Ideally, one clinician who knows everything and can handle anything including procedures/surgeries, and pathologic analysis/interpretation. One person who knows about everything a patient is being treated for, and understands how they (and their treatments) might interact. (And who is ethical enough not to self-refer for personal gain; the financial & ethical issues are a whole other problem.) But, these days that's no longer even remotely practical given the immense volume of available medical knowledge and techniques.

Yet...I'm really -not- a fan of extensive early medical ultraspecialization to the detriment of developing solid foundations. The average physician (or clinical resident) shouldn't be spending half of their time requesting consults or reading others' consultation reports. The average pathologist should have enough understanding to not HAVE to send most brain biopsies out, should be able to correlate autopsy & clinical findings, know what to do with most given tissue or fluid specimens, or be able to understand the meaning (or lack of meaning) of a series of CP lab results. It's also another of the many reasons I'm not a particular fan of PhD's (ultraspecialists of a slightly different sort) running labs. The lack of a good foundation means constantly assuming someone else is giving you all the information you need, and that someone else is handling everything you aren't; it turns generalists into managers, and gives specialists the sense of lack of general responsibility for the patient (&/or lab) as a whole.
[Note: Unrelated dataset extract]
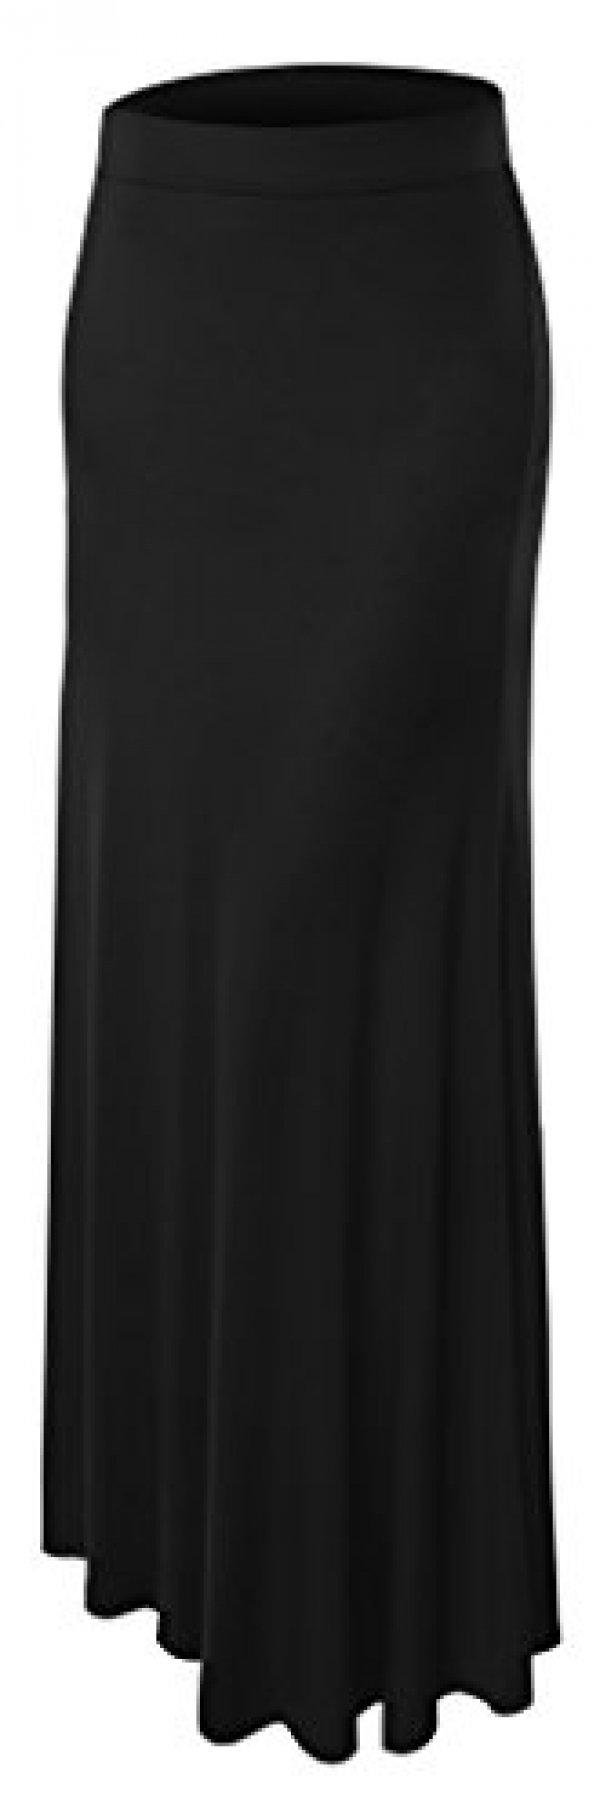 여자 Plue Size Floor Lengh Maxi Skirt 4X-Large 블랙 : 블랙프라이데이 - 네이버쇼핑

Yes, absolutely there is benefit to ultraspecialization. No doubt about it. There's a lot of things I'll probably never know, or know well, and someone needs to. But what is odd to an ultraspecialist shouldn't turn out to be common for a generalist. And a generalist should be able to function without spraying a constant fountain of consult requests. Medical school used to pretty much suffice for the strong foundation, with branching into specialties after that, subspecialties after that, and sometimes ultraspecialties after that. I just hope we're not losing, or risking the loss of, some early and middle ground while searching for the next branch as quickly as possible.

Let the rare be rare, and seek out the rare few to help understand &/or deal with it. Beware the top-heavy nature of an explosion of ultraspecialists without maintaining the broad foundations.